Sektörün borçlanma durumu nasıl?
Özince: Bankacılık sektörünün uzun vadeli borçlanma
imkanlarında bir açılma yok.
Özen: Sendikasyon piyasası düzeldi. Ama sermaye
piyasalarından borçlanabilecek miyiz? Orası çok iyi durmuyor.
Açıkalın: Biz birinci sınıf şirketler için vade
riski alıyoruz. Önümüzdeki dönemin vade riski ve faiz riski önemli
konulardan biri olacak.
Civil: Sendikasyona yoğun talep aşırı likiditeden
kaynaklanıyor. Türk bankaların en büyük artısı TL mevduatın güçlü
olması.
Mevduat faizi ve kredi faizi ne olacak? KOBİ'lere kaynak
aktarılıyor mu?
Özince: Ücretli bir tasarruf sahibi olarak ben
tasarruflarımın bir bölümünü TL'de tutmaya özen gösteriyorum. Reel
faiz zayıfladı ama yine de çok fazla alternatif yok. Tasarrufçunun
vadeli mevduata rağbet etmekten başka yapacağı bir şey yok. KOBİ
kredilerine gelince şu anda kredibilitesi olan müşterinin en ucuz
fiyatla kredi kullandığını düşünüyorum. Bankacılık sektörü kaynak
aktarıyor. Kredi/mevduat oranına bakılınca en güçlü büyüme
dönemlerinin üzerinde bir dönem yaşıyoruz. Bankalardan daha fazla
kredi almak mümkün değil. Bu sektör daha fazla kredi verse verse
yüzde 10-50 fazla verir. Türkiye'de mali sektör büyütülmedikçe biz
böyle eleştirilerle vakit kaybediyoruz. Bankacılık sektörü vergi
mükellefinin sırtına kuruş bindirmemiştir.
Özen: Ticari kredilerle mevduat arasındaki marj
kriz öncesindeki seviyelere döndü. Tüketici kredilerine bakınca
makas iki puan yukarıdadır çünkü temerrüt oranları yükseldi.
Mevduatla politika faizi arasındaki korelasyon azaldı. Kredilerde
talep yönlü bir daralma var. Bankalar muhafazakar davranıyor ama
kredi talebi de yok.
Açıkalın: Kredilerde daralma talepten kaynaklandı.

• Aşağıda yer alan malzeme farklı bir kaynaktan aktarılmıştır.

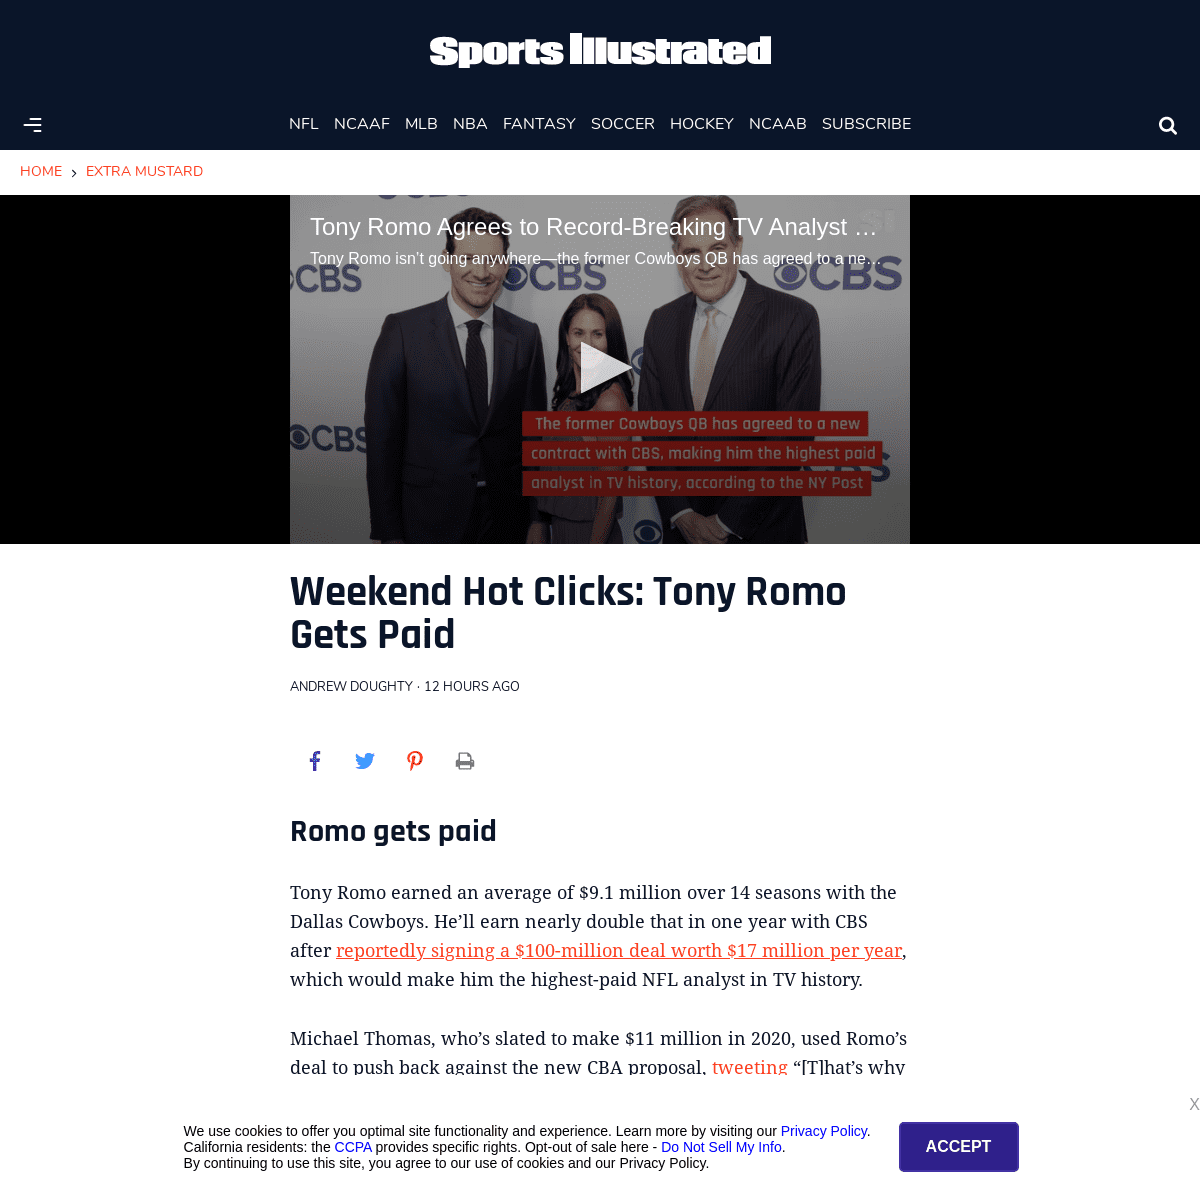 A complete backup of www.si.com/extra-mustard/2020/02/29/romo-cbs-contract-xlf-kickoff-rules-influence

Bankaların elinde kredi verecek yeterli likidite var. Daralan bir
ekonomide kredilerin neden büyümediğini sorgulamak çok aritmetiğe
uyan bir şey değil. Bankalar önümüzdeki sene aktif kredi
büyümesinde ciddi bir rol alacak. Tahsili gecikmiş alacakta
KOBİ'lerin payı yüzde 7.6. Bankacılıkta kredilerde 2010'da yüzde
12-15 büyüme bekleniyor.
Civil: Biz sadece daha dikkatli kredi vermeye
çalıştık. KOBİ’lerin kayıt içine girmesi gerekiyor. Mevduatın
vadesini uzatmamız lazım; bu bankalar için sorun. KOBİ'ler Kredi
Garanti Fonu'ndan yararlansın. Kredi Garanti Fonu teminat sıkıntısı
çekenler için avantaj.
2010 beklentileri neler? Kur ve faiz ne olacak?

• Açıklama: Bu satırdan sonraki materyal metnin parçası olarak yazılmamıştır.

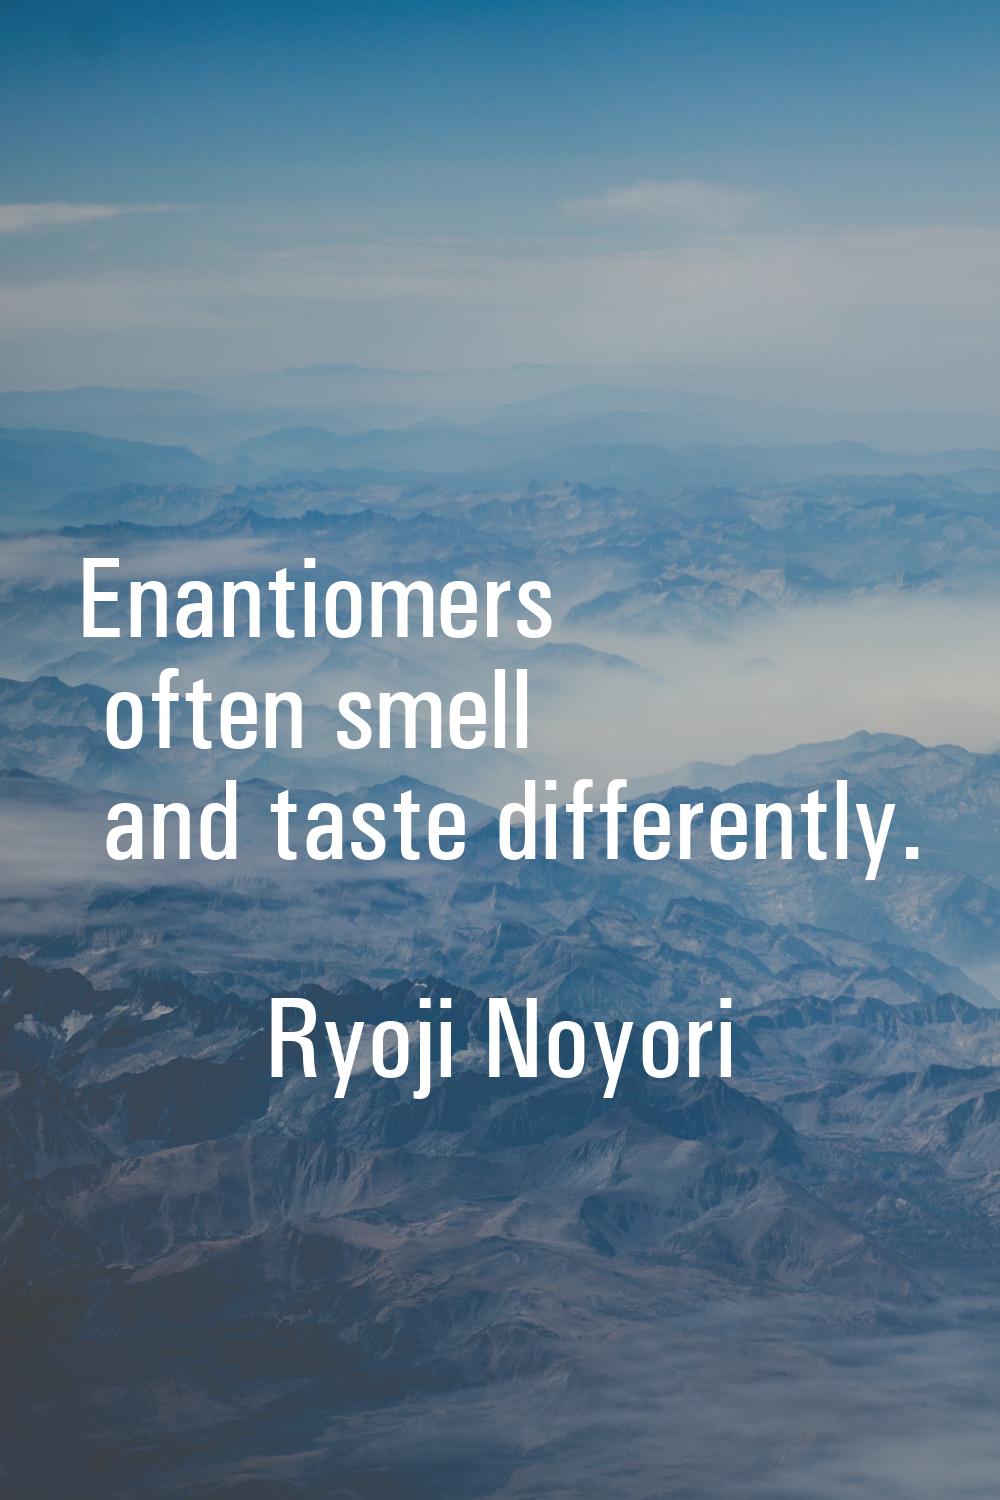 Enantiomers often smell and taste differently.

Özince: 2010 çok belirgin olmamakla beraber 2009'dan daha
iyi geçecektir. Bankacılık sektöründe şimdiden kıpırdanma başladı.
2010'la ilgili şu anda çok cesaretli ifadeler kullanabilecek bir
ruh halinde de değilim. Tahmin yapmaktan ziyade, bankacılık sektörü
daha güçlü gelişecek ekonomiye destek vermede iştahlı.
IMF anlaşması yapılırsa dolar 1,40'lar civarına gerileyebilir.
Faizin de dövizin de gerilemesinin üretim açısından doğru olduğunu
düşünüyorum. Ümit ederim faizler daha fazla düşmez.
TC kağıtlarına yatırım yapan herkes kazançlı çıkmıştır. Kredi notu
arttıkça Türk aktiflerine yatırım yapanlar kârlı olmaya devam
edecek. Yen kredisi alan TC vatandaşları dalgalanmalar sonunda hiç
ummadığı bir yerde kendisini bulabilir. Yen geliri olmayan yen ile
borçlanmamalı. Bankalar da her konuda mağdurlarla muhattap olamaz.
Her vatandaş ayağını yorganına göre uzatmalı.
Özen: Artık Türkiye’de faiz indiriminin sonuna
geldik. Çok uzun süre yatay seyredeceğini düşünüyorum. Faizde 2010
üçüncü çeyrekten itibaren artış bekliyorum.
Dövizin bu seviyelerini koruyacağını düşünüyorum. 2010 sonu için
kur tahminimiz 1,52-1,53 seviyesinde. IMF anlaşması olursa 1,40'a
geriler.
Açıkalın: Kurda biz de aynı seviyelerdeyiz. Faiz
konusunda, önümüzdeki dönemde düşük faiz politikası sürecek.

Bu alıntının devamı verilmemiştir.